Нет, что-то все-таки тяготеет надо мною!!!
Меня зло берет на себя! Какое-то глупое отчаяние охватывает! Хочется что-то разломать, что-то выкинуть!
Или я не умею жить, не умею приспособляться, или…
Не знаю, не могу разобраться.
30 [июня 1906 г.]. ПятницаЕздила сегодня в Москву. Вид папы произвел какое-то особенно удручающее впечатление: весь ослабевший, опустившийся, с осунувшимся лицом. Что-то ужасное… Руки не двигаются… Боже мой, что дальше, как жить?! И мама хворает все время… А тут это учение… Господи, какое счастье, что я буду хоть немного иметь своих денег!

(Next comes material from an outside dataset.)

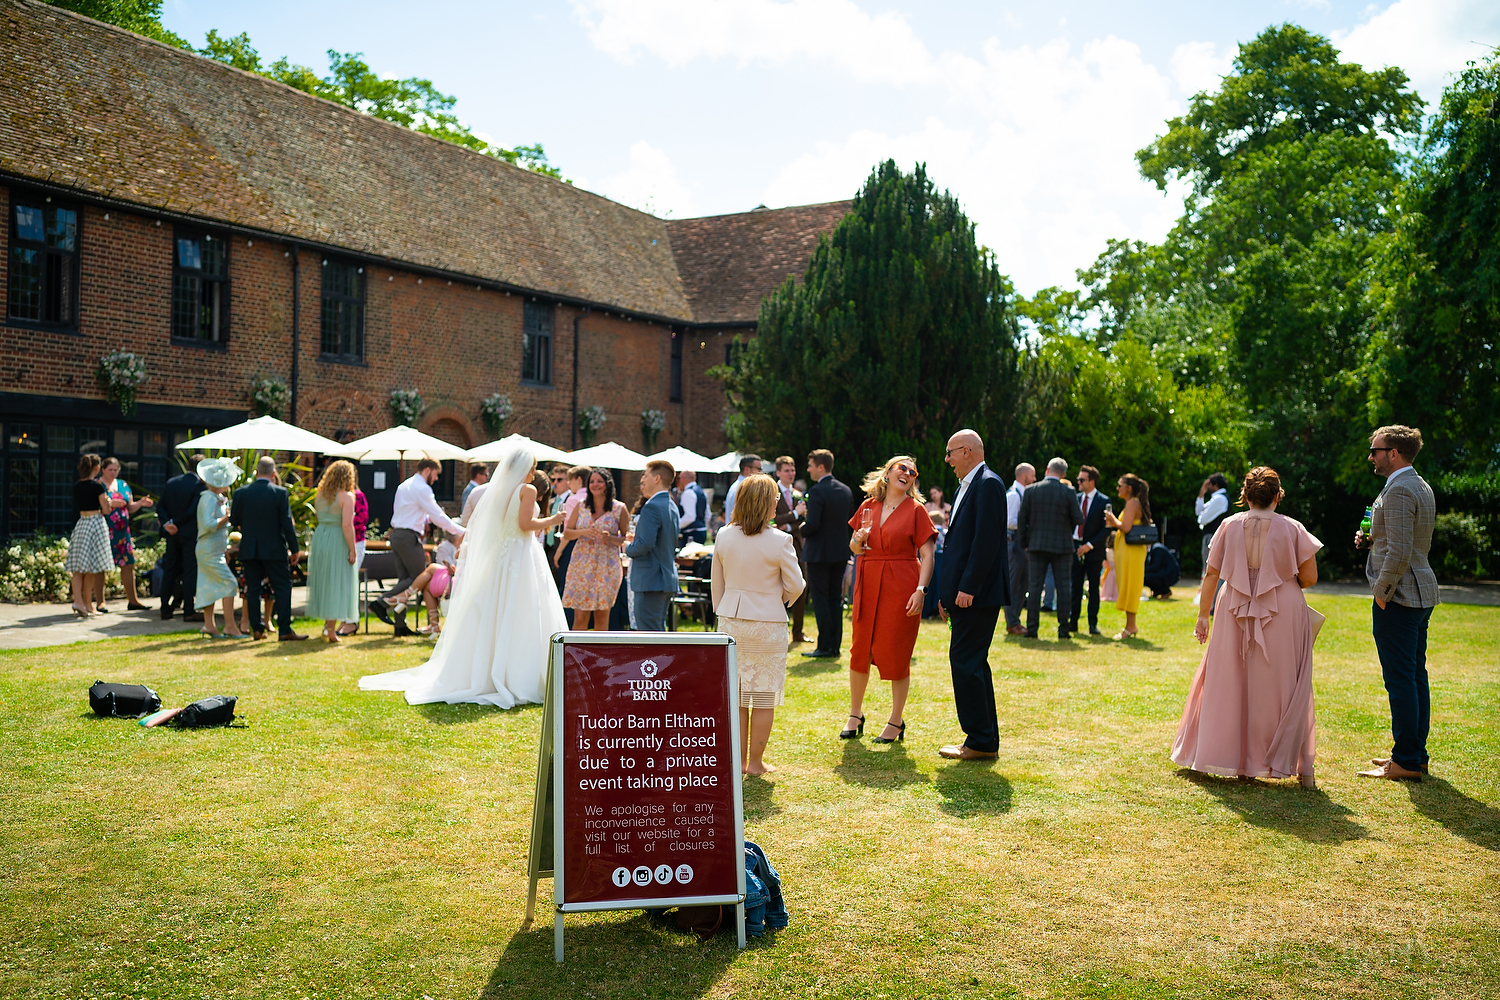 Tudor Barn Eltham wedding reception

Теперь… – задумали справлять серебряную свадьбу… А в кармане ни грошика, и дел никаких: и от этого еще горше, еще тяжелее144… Бедные, хорошие мои старички!.. Как я люблю вас и как жалею! С каким бы восторгом я отдала вам последнее все, чтобы устроить этот день торжественнее, – и нет ничего…
Как мне обидно за вас, мои честные, хорошие труженики!
Вечные, истинные труженики!
1 [июля 1906 г.]. СубботаУжасно хочется повидать Ивана Михайловича [Москвина].
Сегодня опять прошла нарочно мимо их дачи… Сердце стучит, шаги неровные!.. – и все напрасно: не видала ни души…
Домик стоит такой хорошенький, приветливый, ласковый… Сад изумительный – с огромной массой цветов…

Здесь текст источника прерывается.